▸ **Problem statement**
Could the data below please be reproduced word for word, without the pictures?

▸ **Data extract**
------------------------------------------------
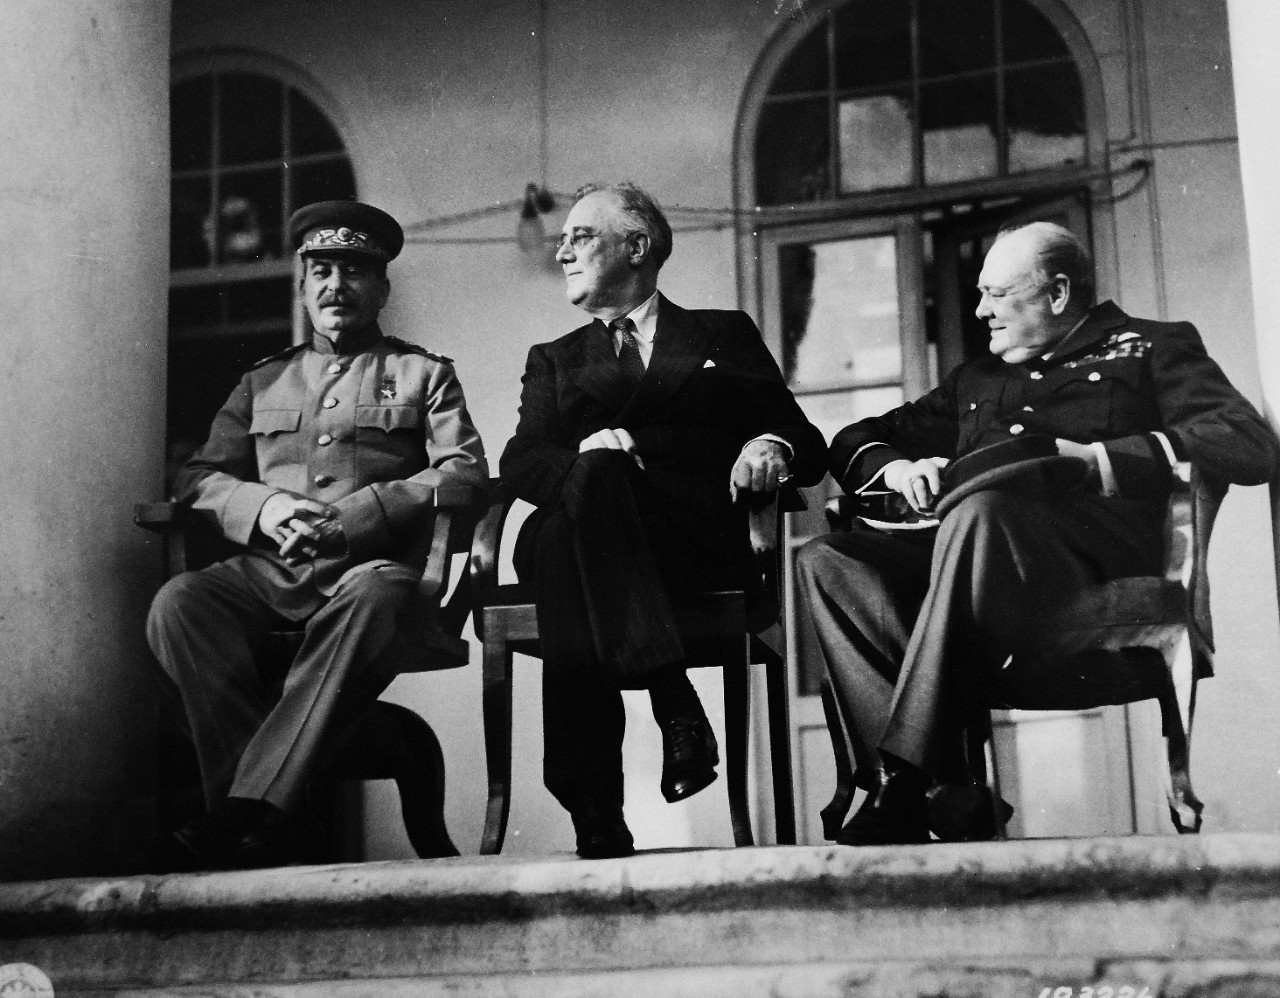 Lot 11597-1:  Tehran Conference, November-December 1943.   The strategy meeting of Premier Joseph Stalin, President Franklin D. Roosevelt, and Prime Minister Winston Churchill at the Russian Embassy at Tehran, Iran.  This conference was the first of “Big Three” leaders (Soviet Union, United States and United Kingdom).   U.S. Army photograph, SC 183226, from the Office of War Information Collection. Courtesy of the Library of Congress.     (2016/01/15).
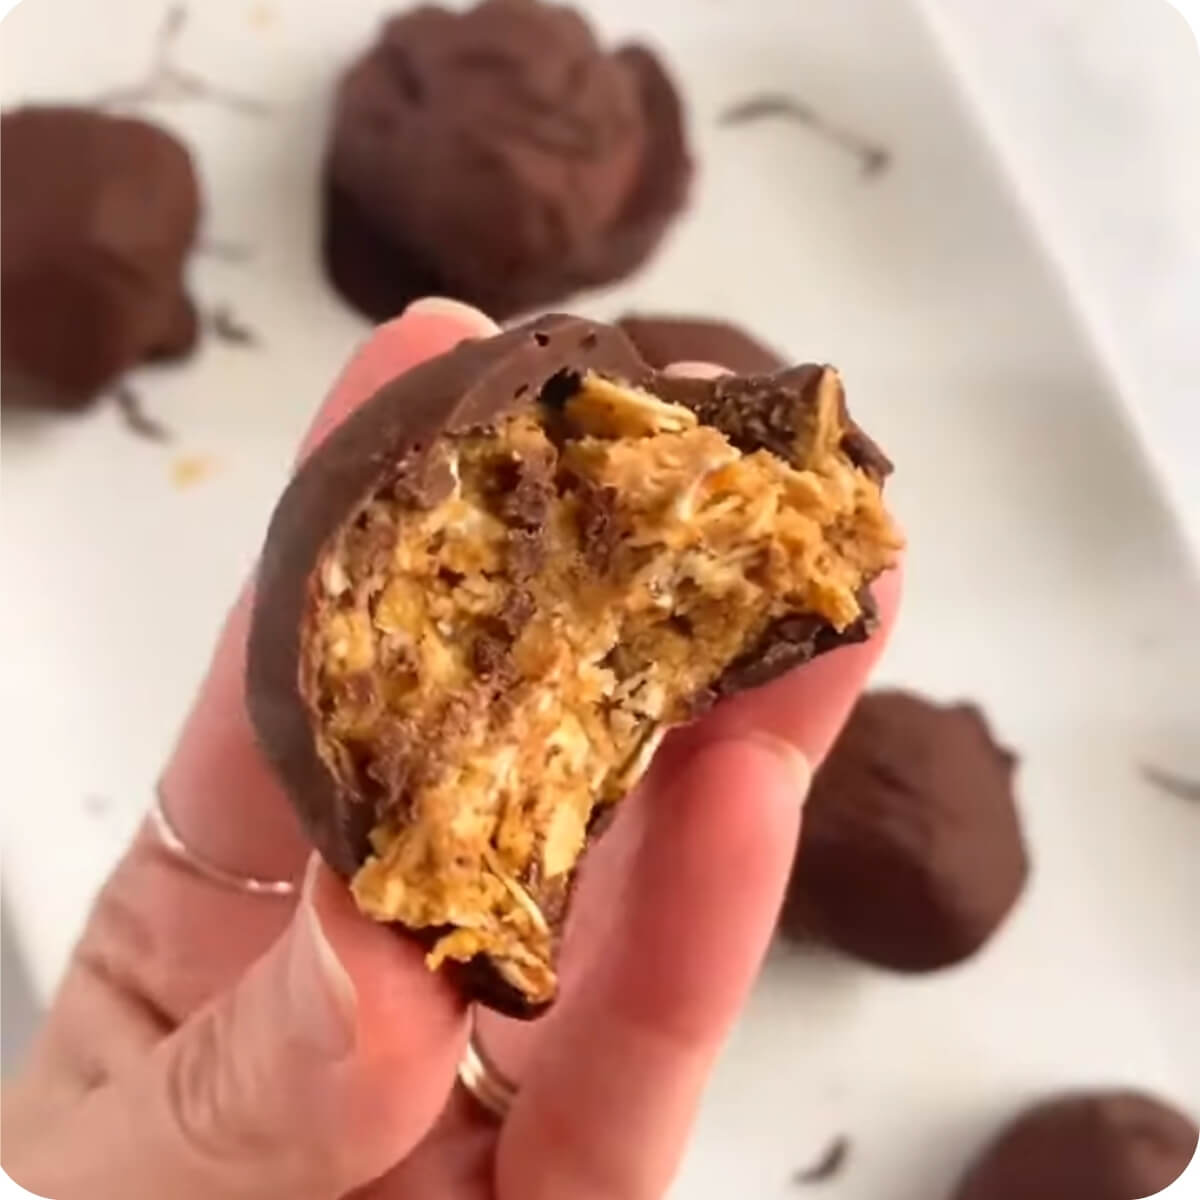 Bite sized serving of protein oatmeal covered in hard chocolate shell
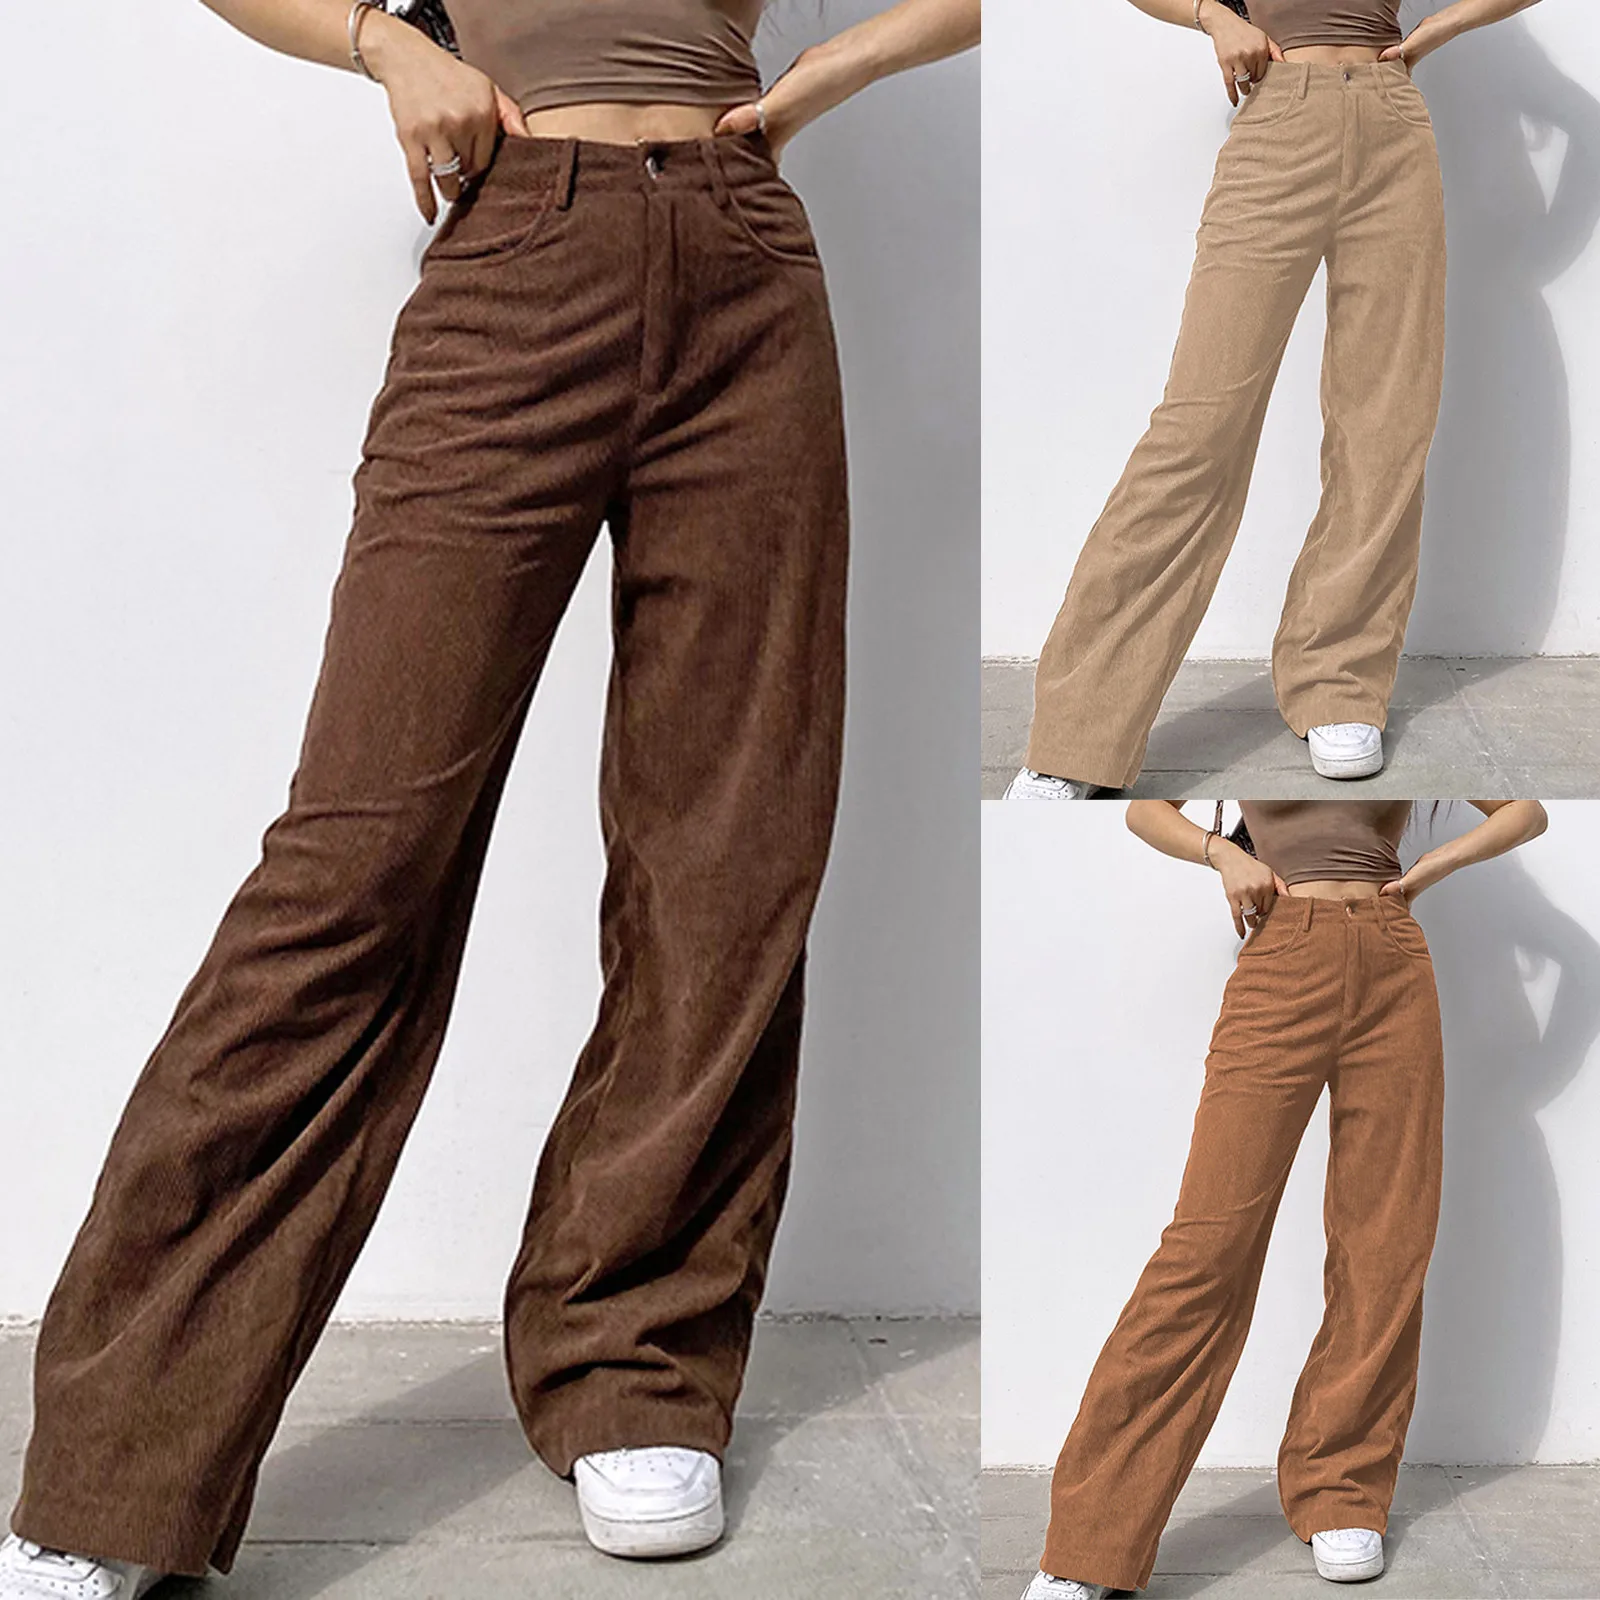 Women's Fashion Jeans Women’s Solid Mid Waisted Wide Leg Pants Straight Casual Baggy Trousers Vintage Streetwear Mom |
------------------------------------------------
▸ **Result**
 Lot 11597-1:  Tehran Conference, November-December 1943.   The strategy meeting of Premier Joseph Stalin, President Franklin D. Roosevelt, and Prime Minister Winston Churchill at the Russian Embassy at Tehran, Iran.  This conference was the first of “Big Three” leaders (Soviet Union, United States and United Kingdom).   U.S. Army photograph, SC 183226, from the Office of War Information Collection. Courtesy of the Library of Congress.     (2016/01/15).
 Bite sized serving of protein oatmeal covered in hard chocolate shell
 Women's Fashion Jeans Women’s Solid Mid Waisted Wide Leg Pants Straight Casual Baggy Trousers Vintage Streetwear Mom |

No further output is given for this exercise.